SOURCE MATERIAL:
━━━━

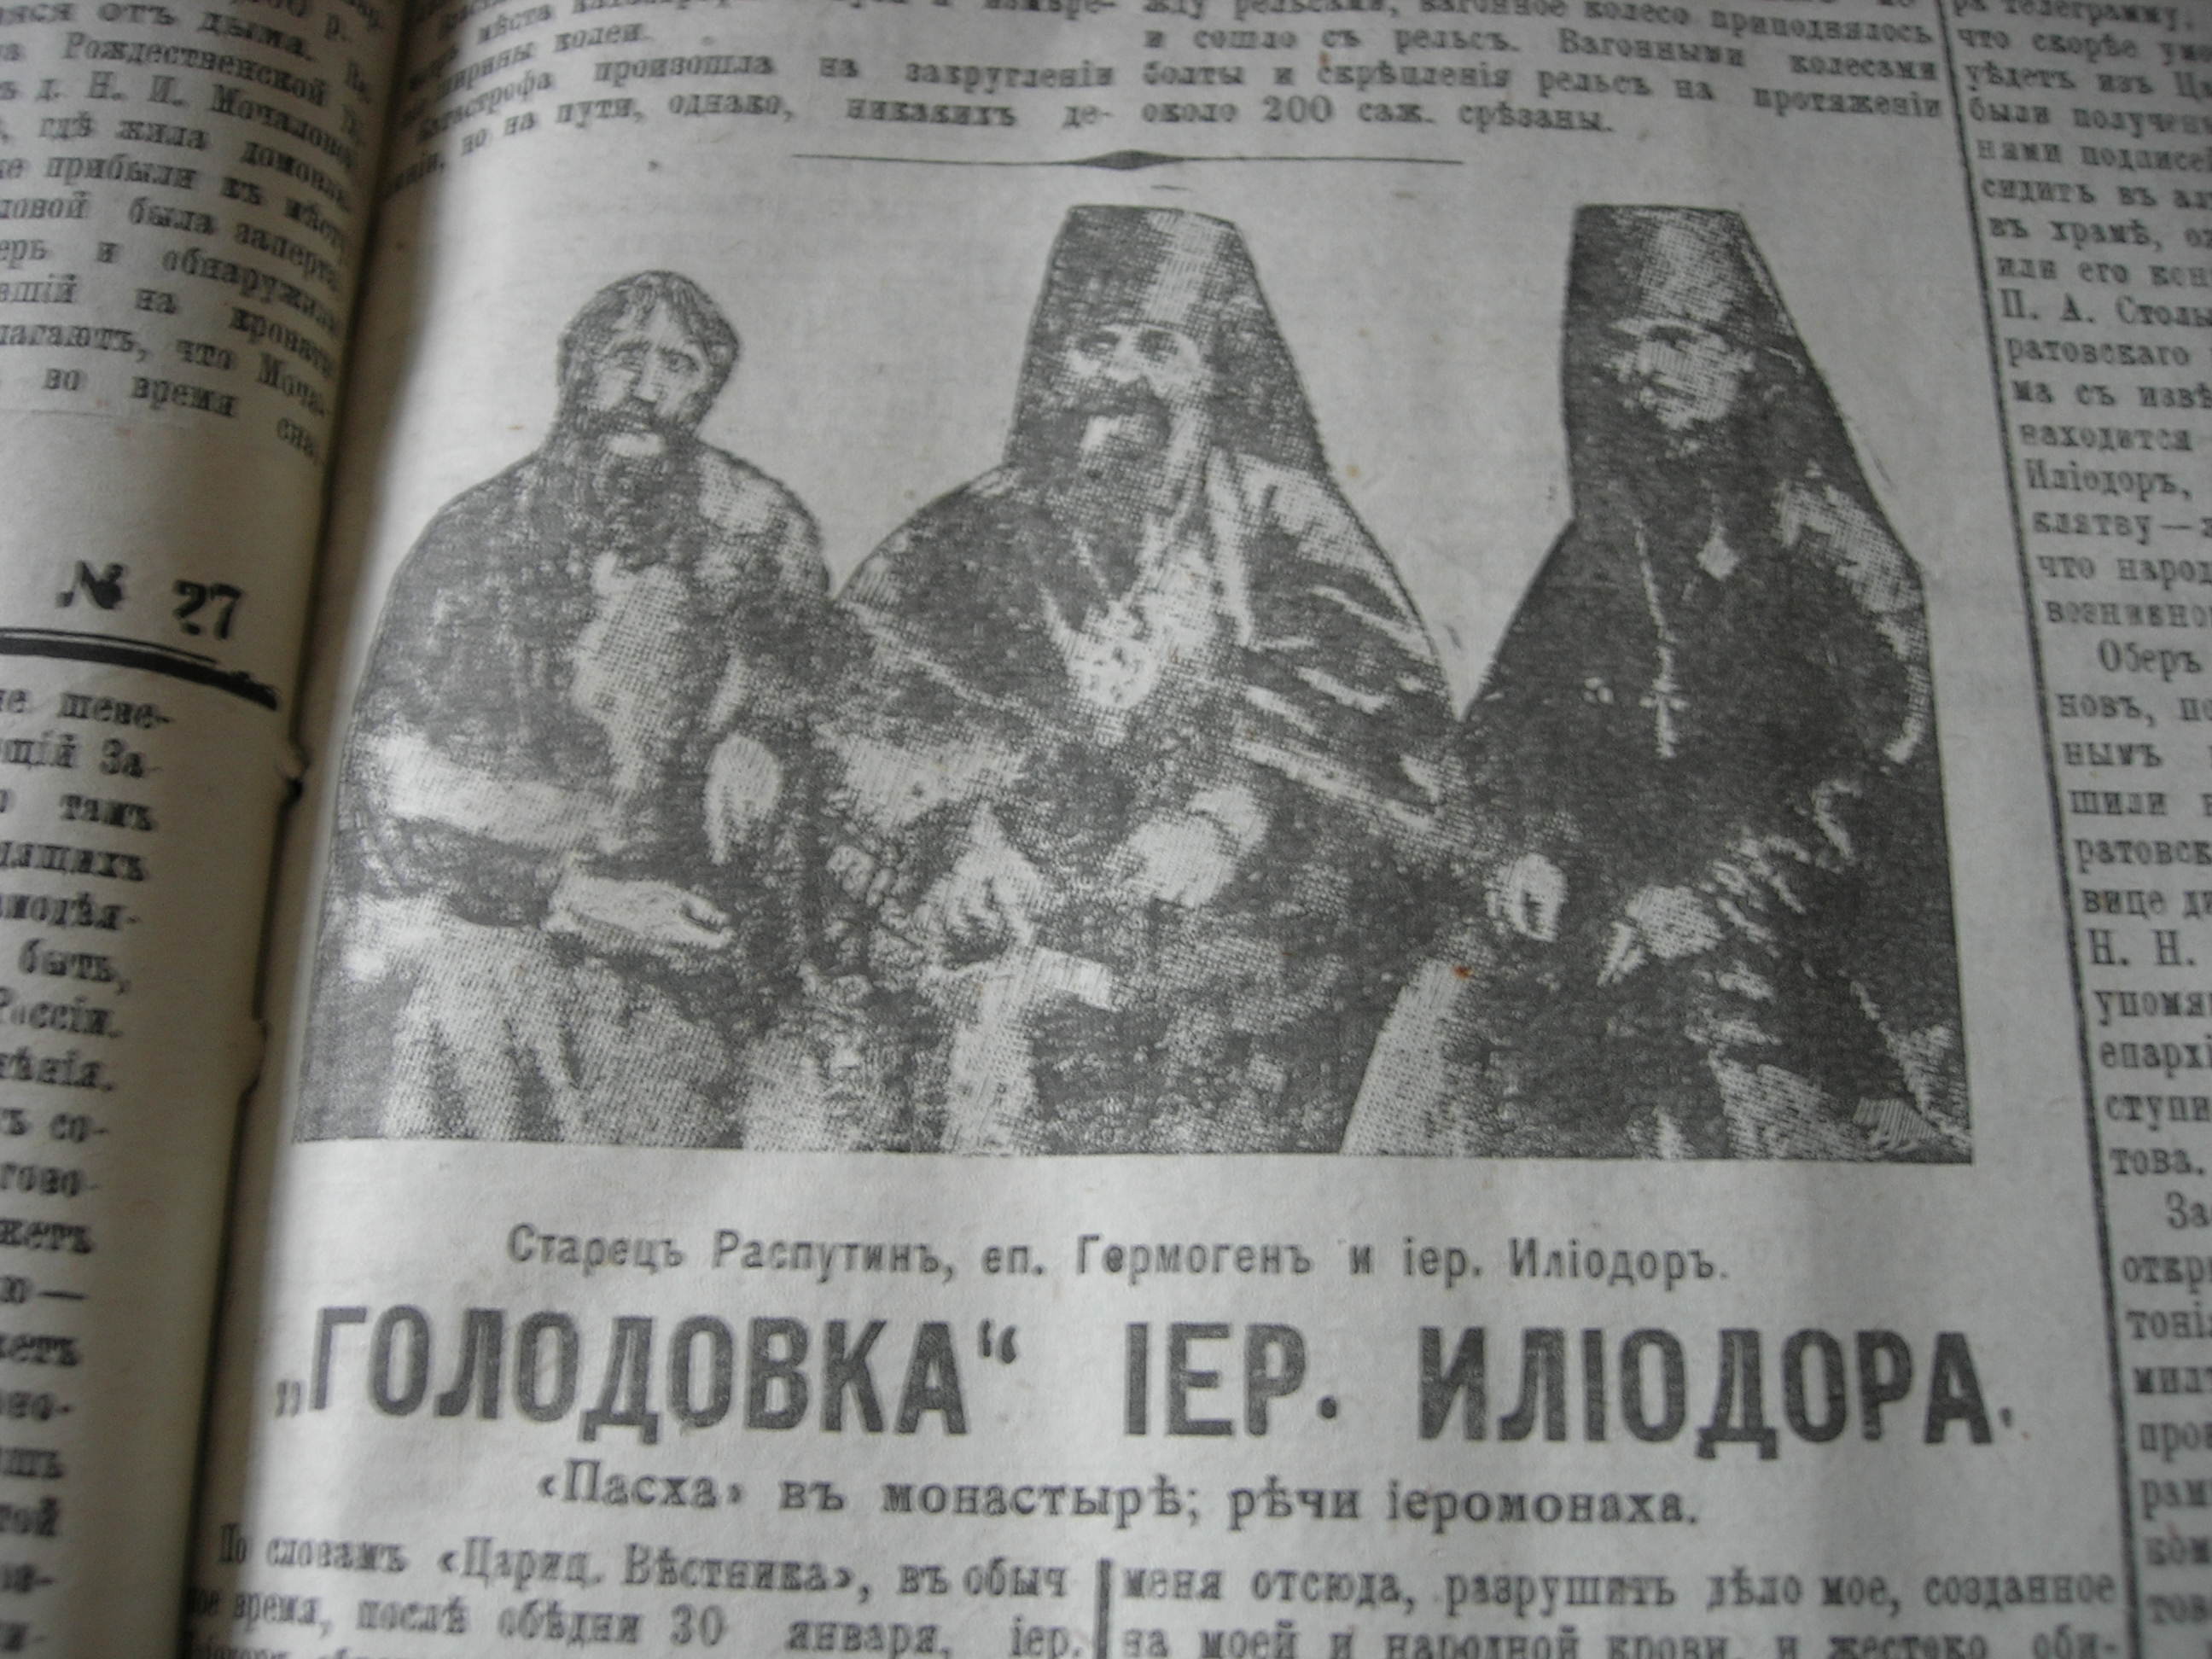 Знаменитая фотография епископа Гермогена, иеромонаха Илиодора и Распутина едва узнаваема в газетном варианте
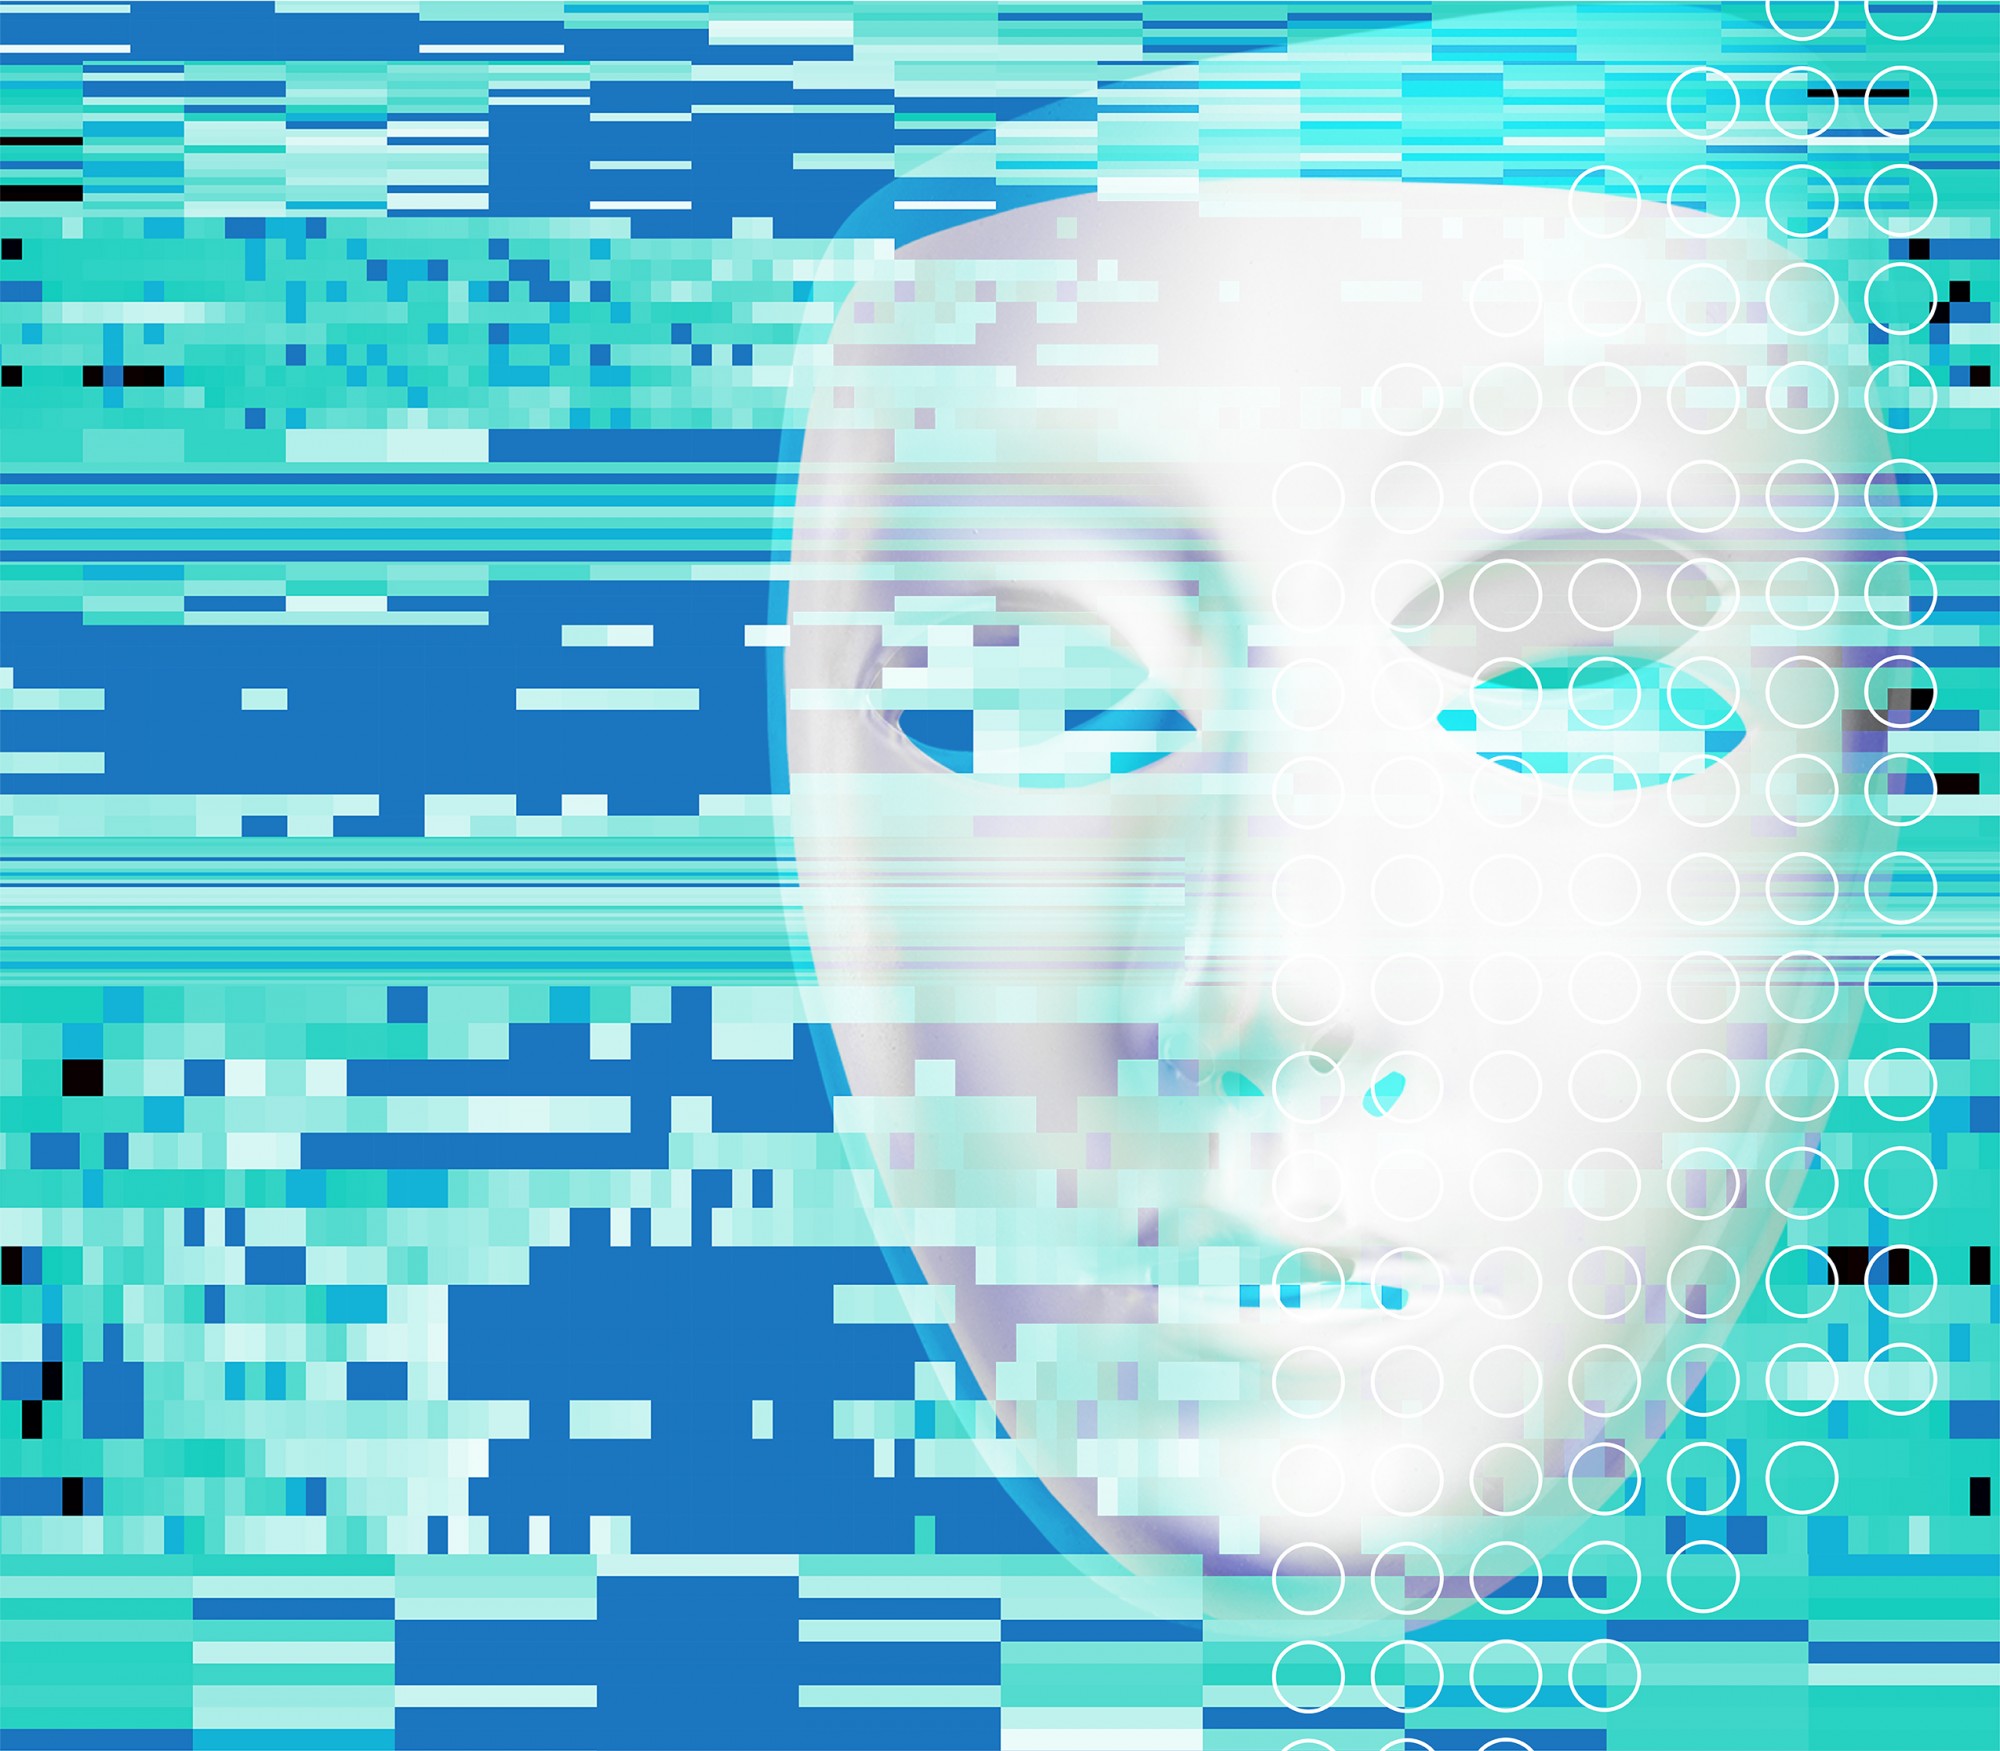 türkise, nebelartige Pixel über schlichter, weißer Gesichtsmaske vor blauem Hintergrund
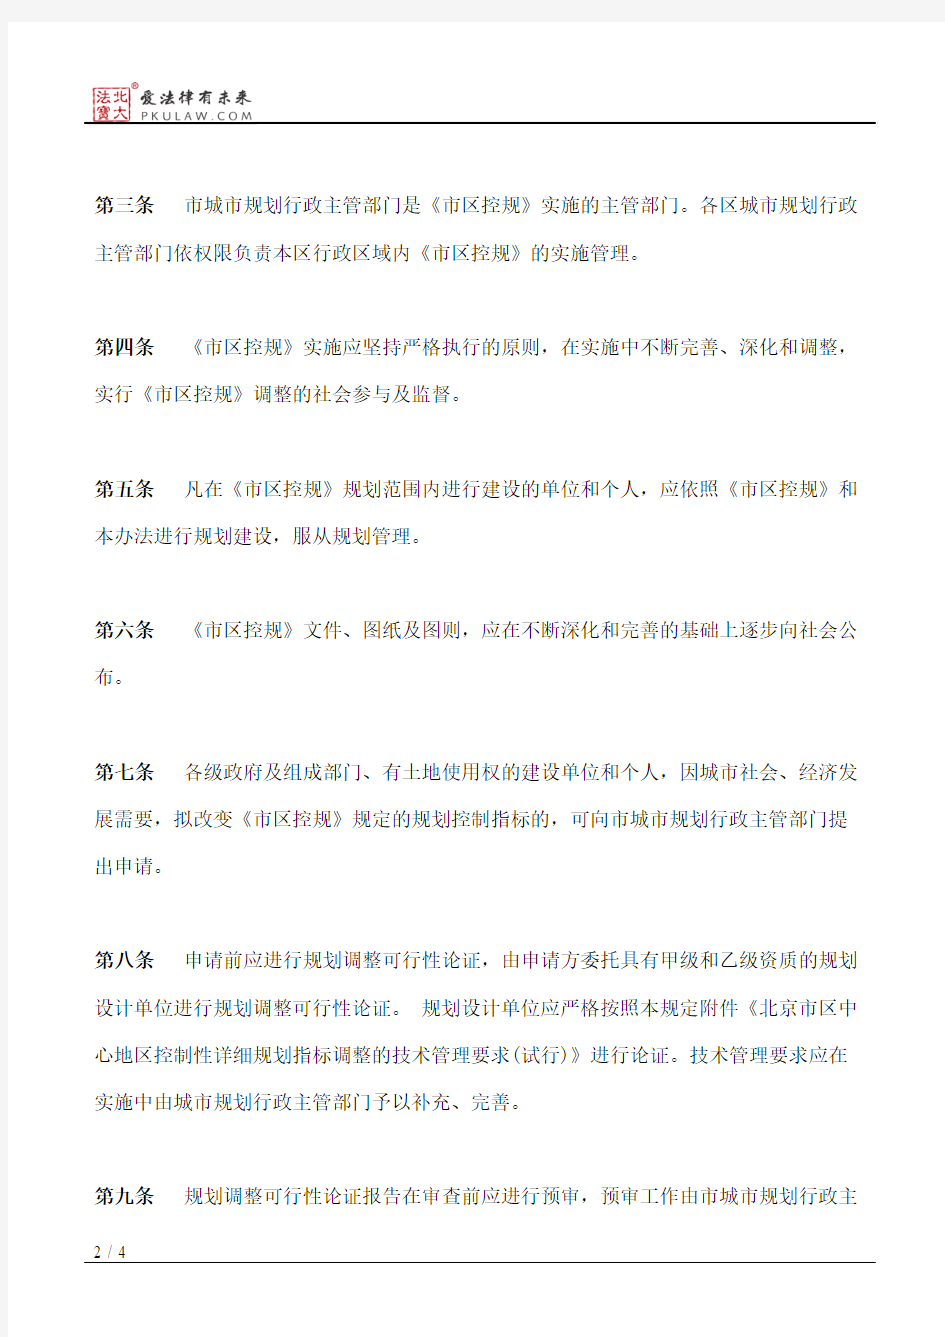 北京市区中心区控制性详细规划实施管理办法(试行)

━━━━

YOUR GOAL: Exactly as written, return each line above and leave the pictures behind.

ANSWER BOX:
 Знаменитая фотография епископа Гермогена, иеромонаха Илиодора и Распутина едва узнаваема в газетном варианте
 türkise, nebelartige Pixel über schlichter, weißer Gesichtsmaske vor blauem Hintergrund
 北京市区中心区控制性详细规划实施管理办法(试行)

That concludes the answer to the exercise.